==== Supplied material ====
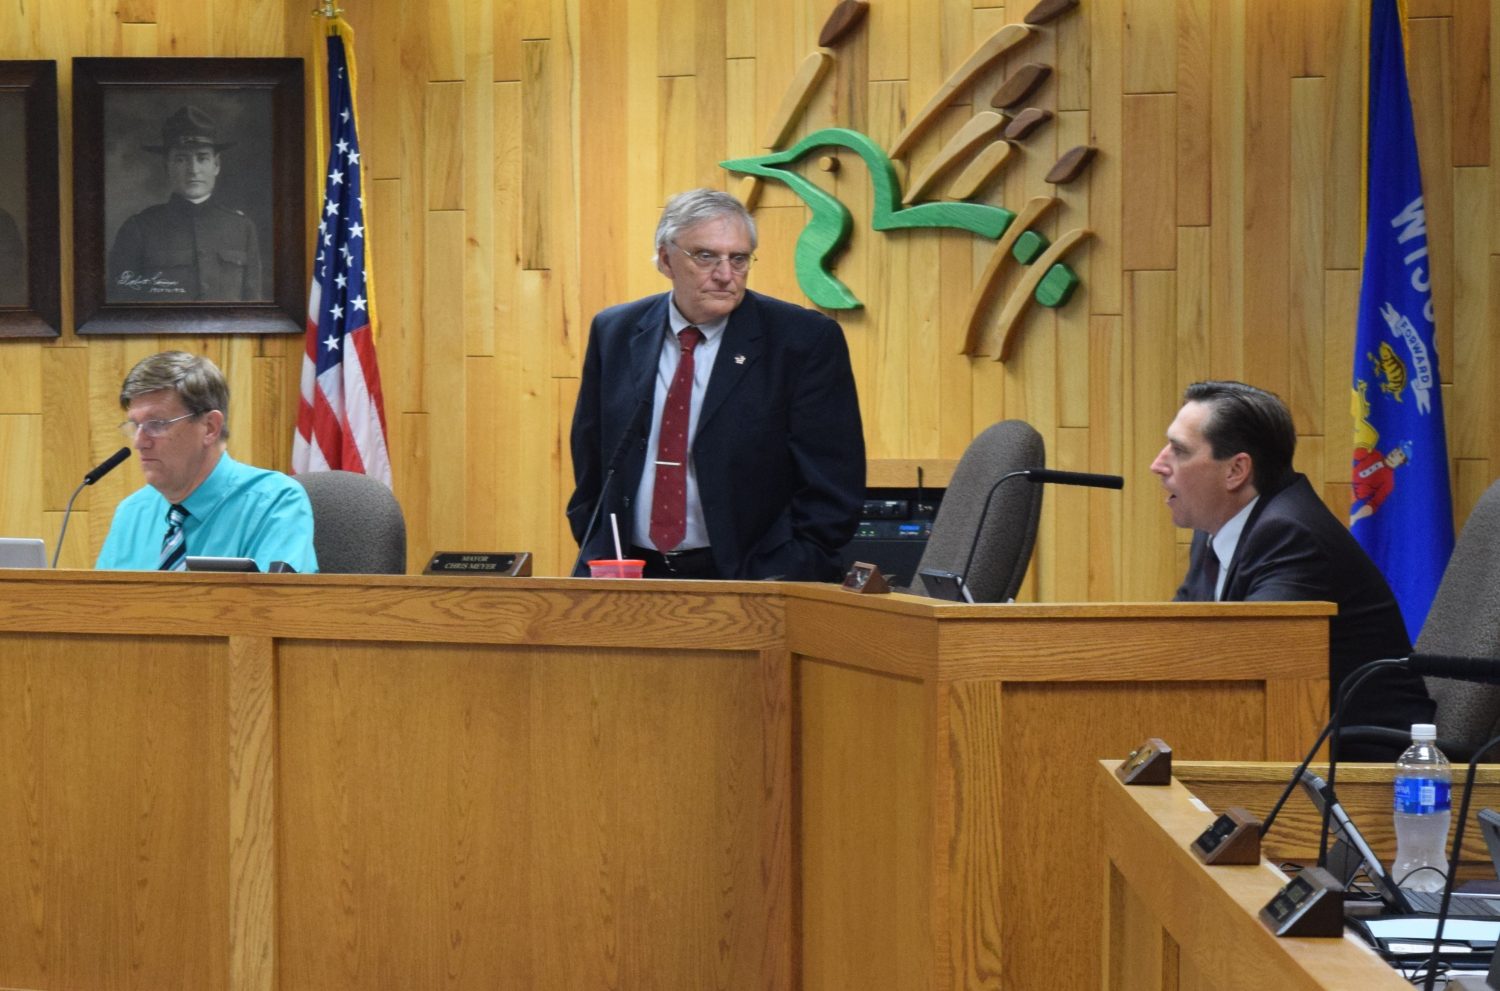 Marshfield Common Council president Ed Wagner, center, leads the discussion and vote on the Marshfield Medical Center blighting resolution during the Aug. 8 meeting.
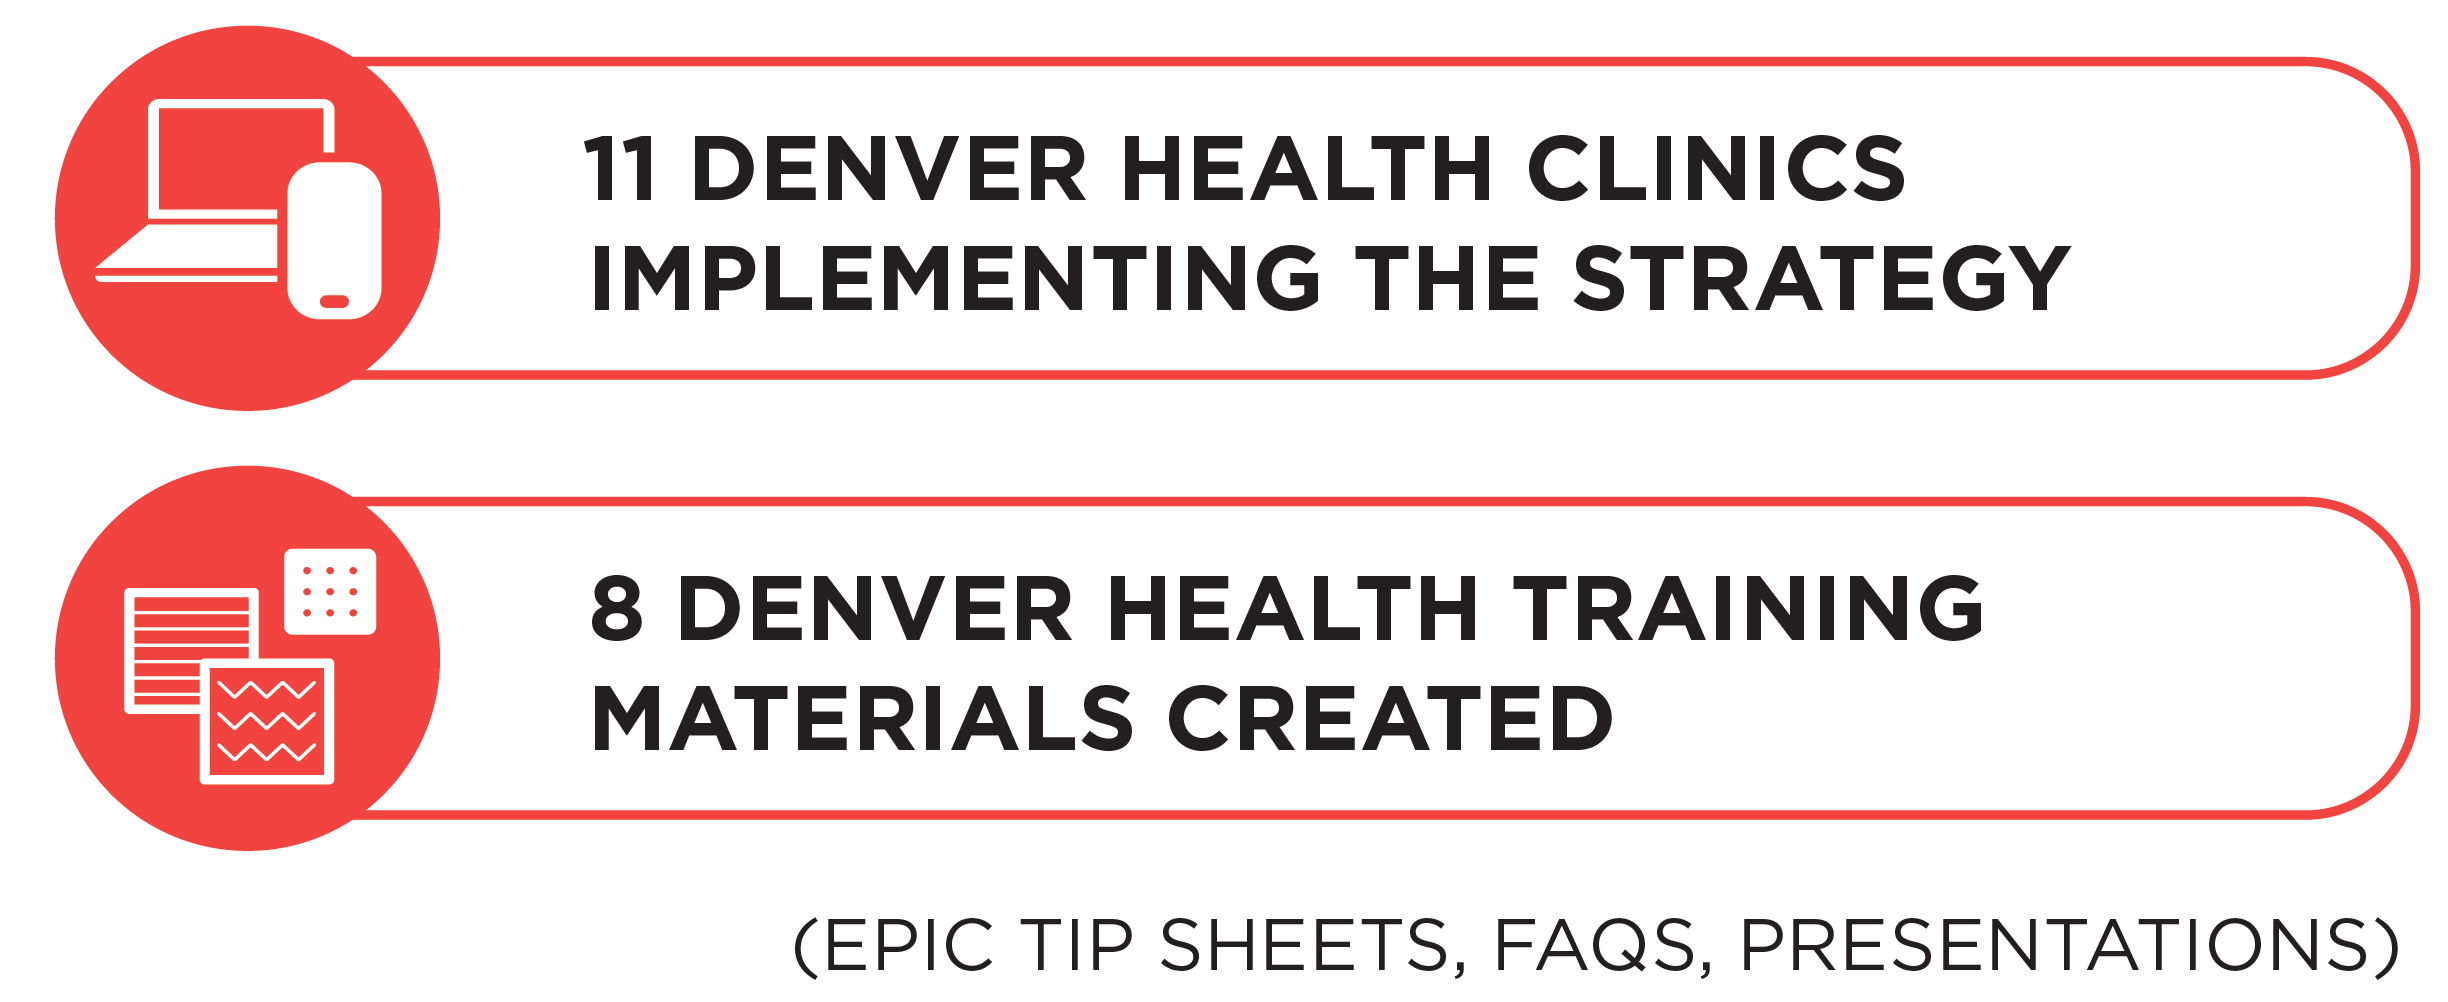 An info graphic that states: "11 Denver health clinics implementing the strategy," and "8 Denver health training materials created."
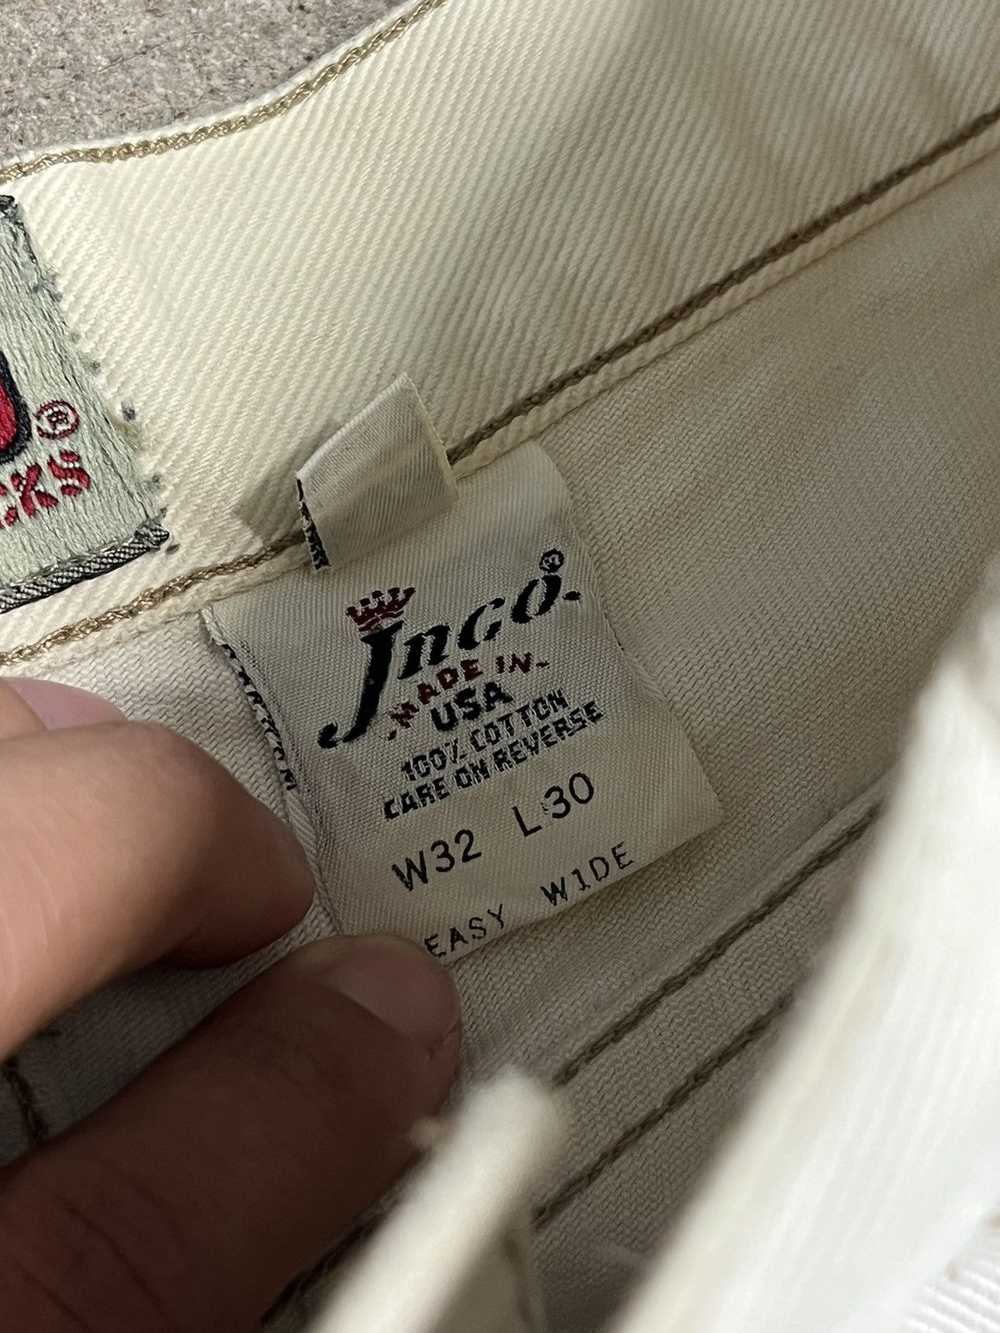 Jnco 179 Easy Wide Jeans - image 8
====
Task: Every line between the start of the listing and the line containing "An info graphic", both ends counted, needs to be printed exactly, minus the pictures.

Reply:
 Marshfield Common Council president Ed Wagner, center, leads the discussion and vote on the Marshfield Medical Center blighting resolution during the Aug. 8 meeting.
 An info graphic that states: "11 Denver health clinics implementing the strategy," and "8 Denver health training materials created."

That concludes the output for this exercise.